*EXERCISE*: Copy the listing that follows exactly. Its pictures do not belong in the copy.

*EXERCISE DATA*:
+ + + + + + +

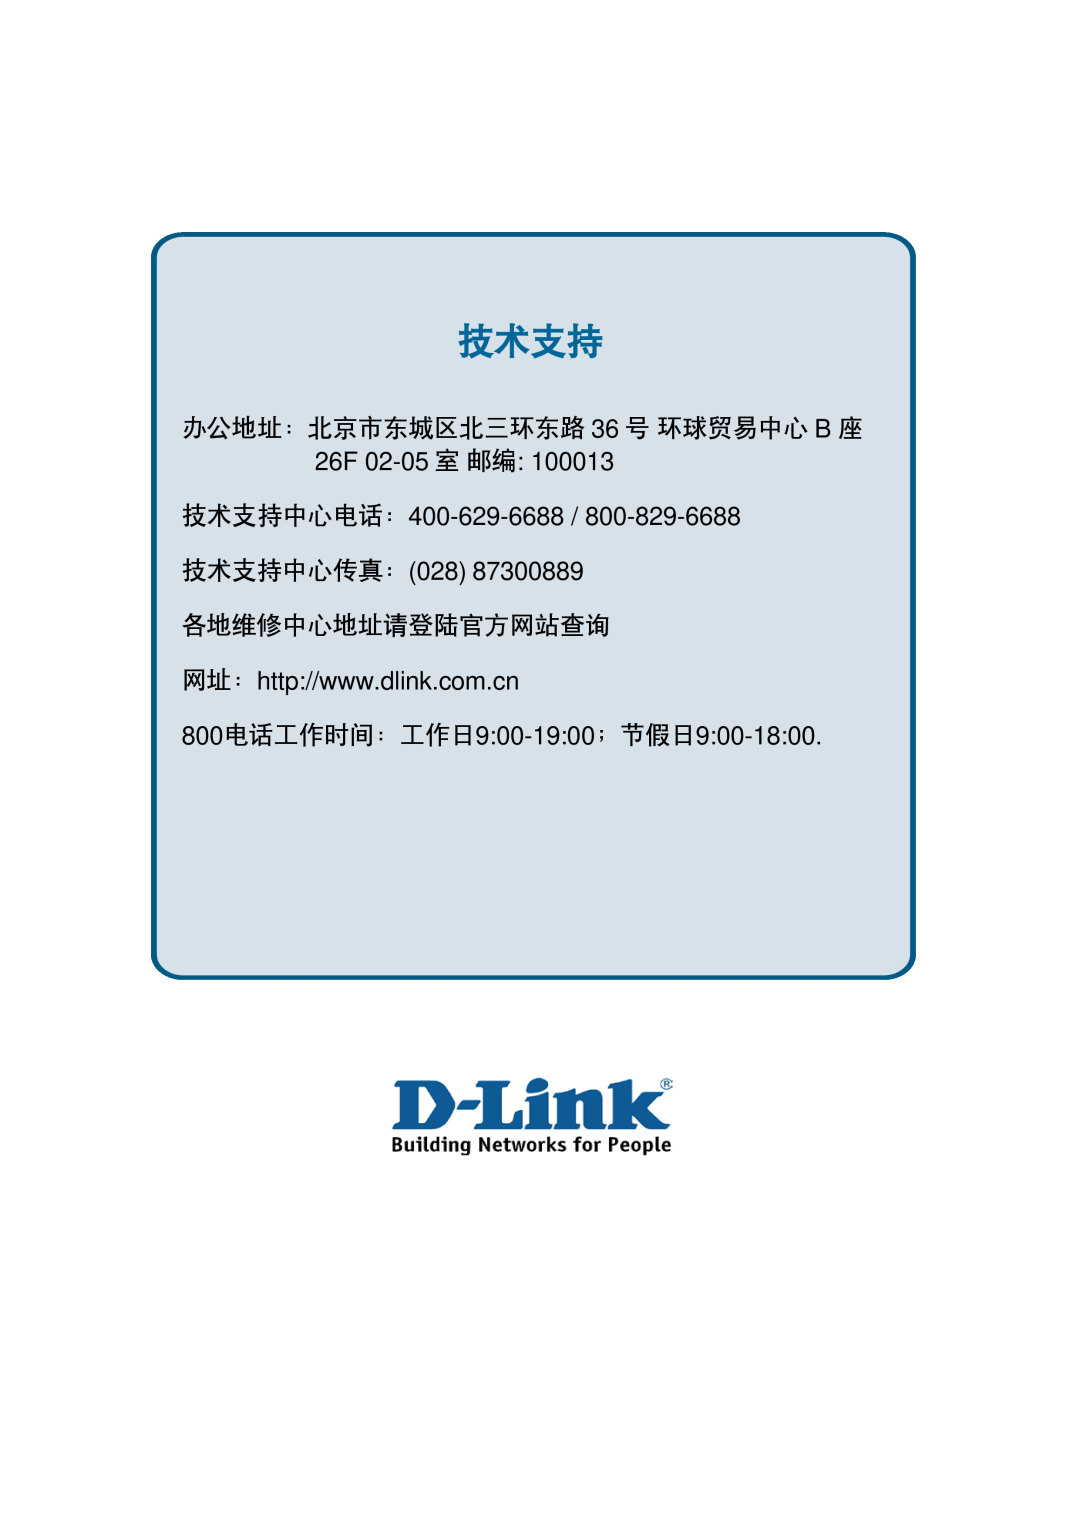 D-Link ethernet managed switch 技术支持中心电话：400-629-6688 技术支持中心传真：028, 800电话工作时间：工作日900-1900；节假日900-1800, 各地维修中心地址请登陆官方网站查询 
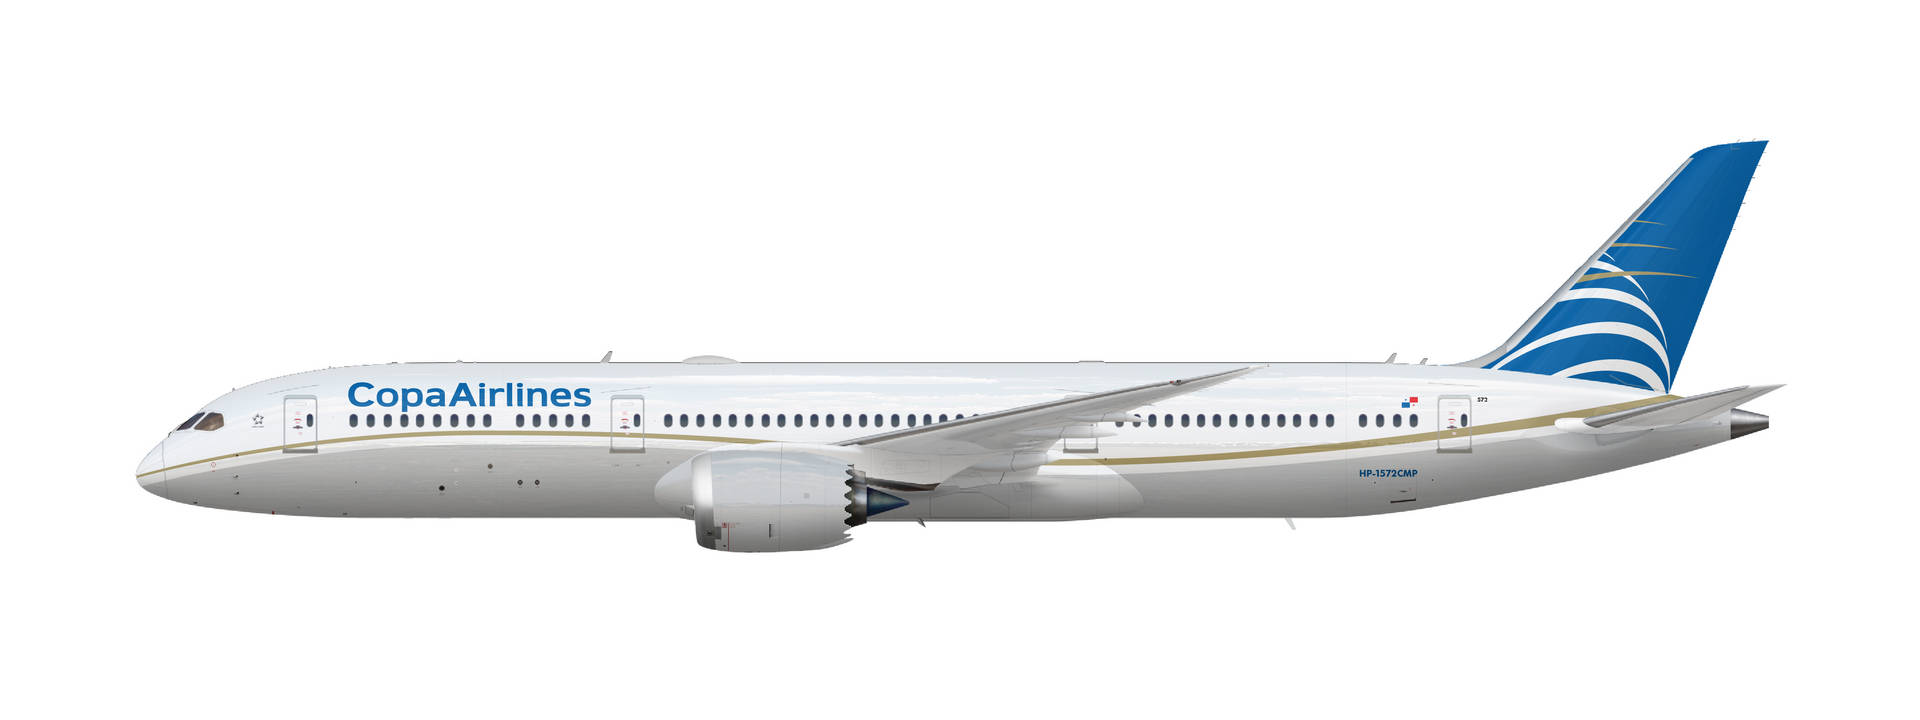 Copa Airlines Plane In White Wallpaper
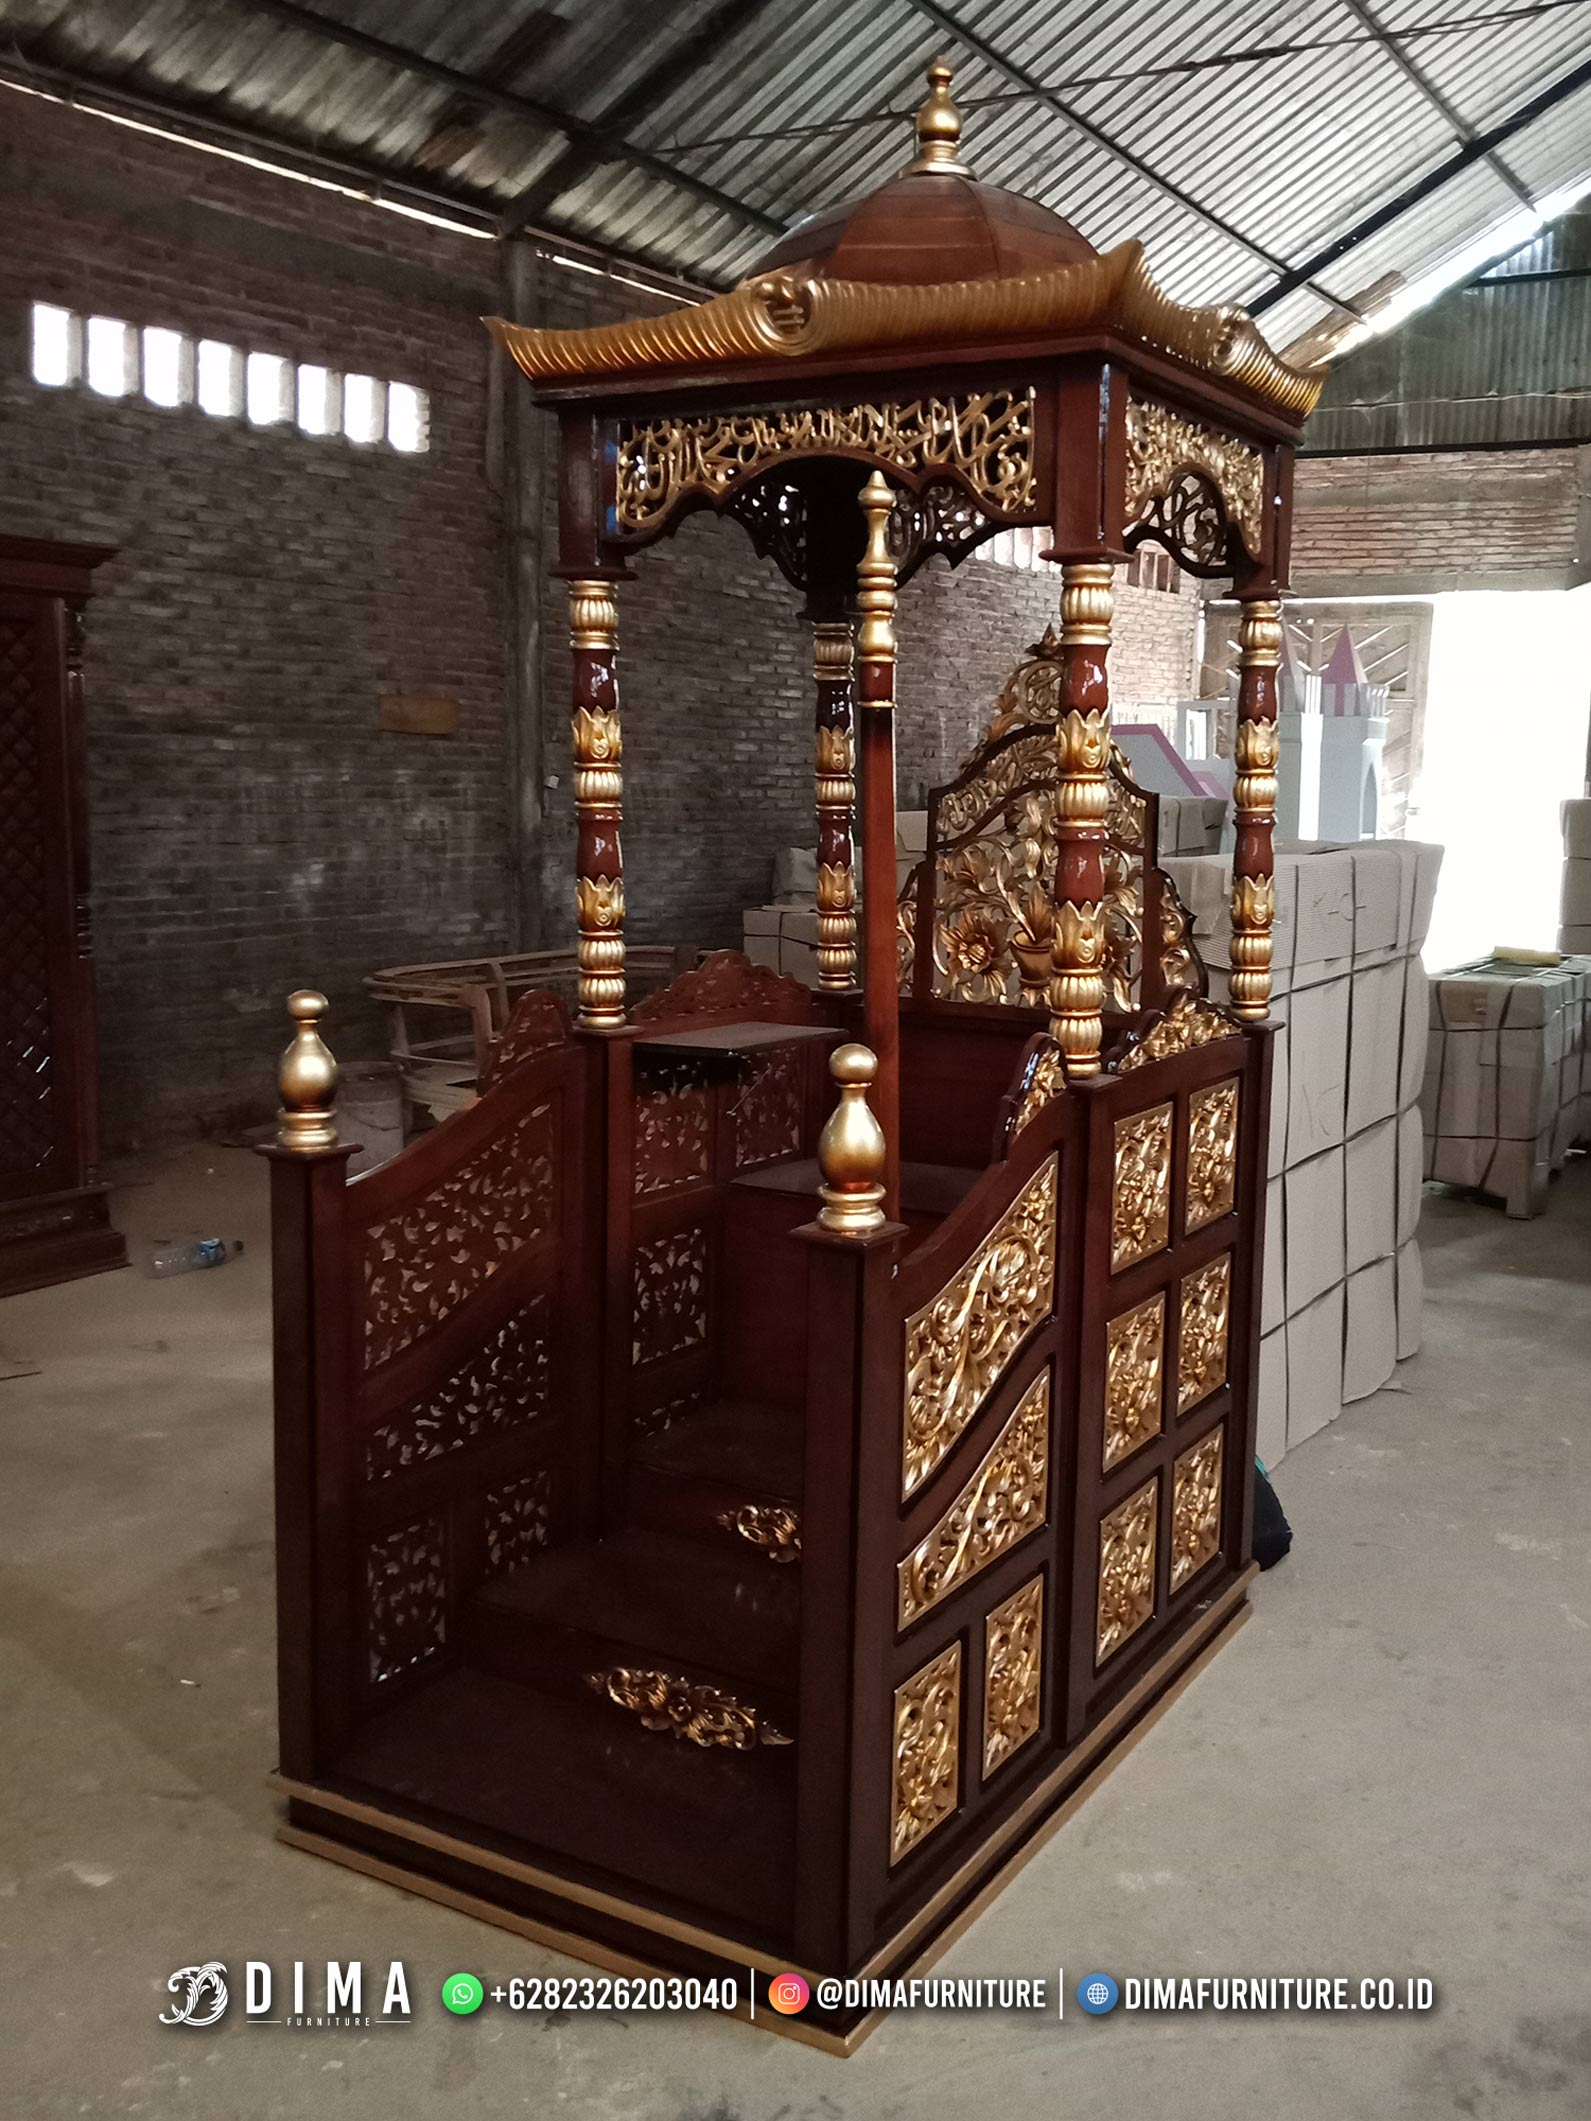 New Mimbar Masjid Jati Kubah Ukiran Great Carving Furniture Mm-1499

+ + + + + + +

*SOLUTION TO THIS TASK*:
 D-Link ethernet managed switch 技术支持中心电话：400-629-6688 技术支持中心传真：028, 800电话工作时间：工作日900-1900；节假日900-1800, 各地维修中心地址请登陆官方网站查询 
 Copa Airlines Plane In White Wallpaper
 New Mimbar Masjid Jati Kubah Ukiran Great Carving Furniture Mm-1499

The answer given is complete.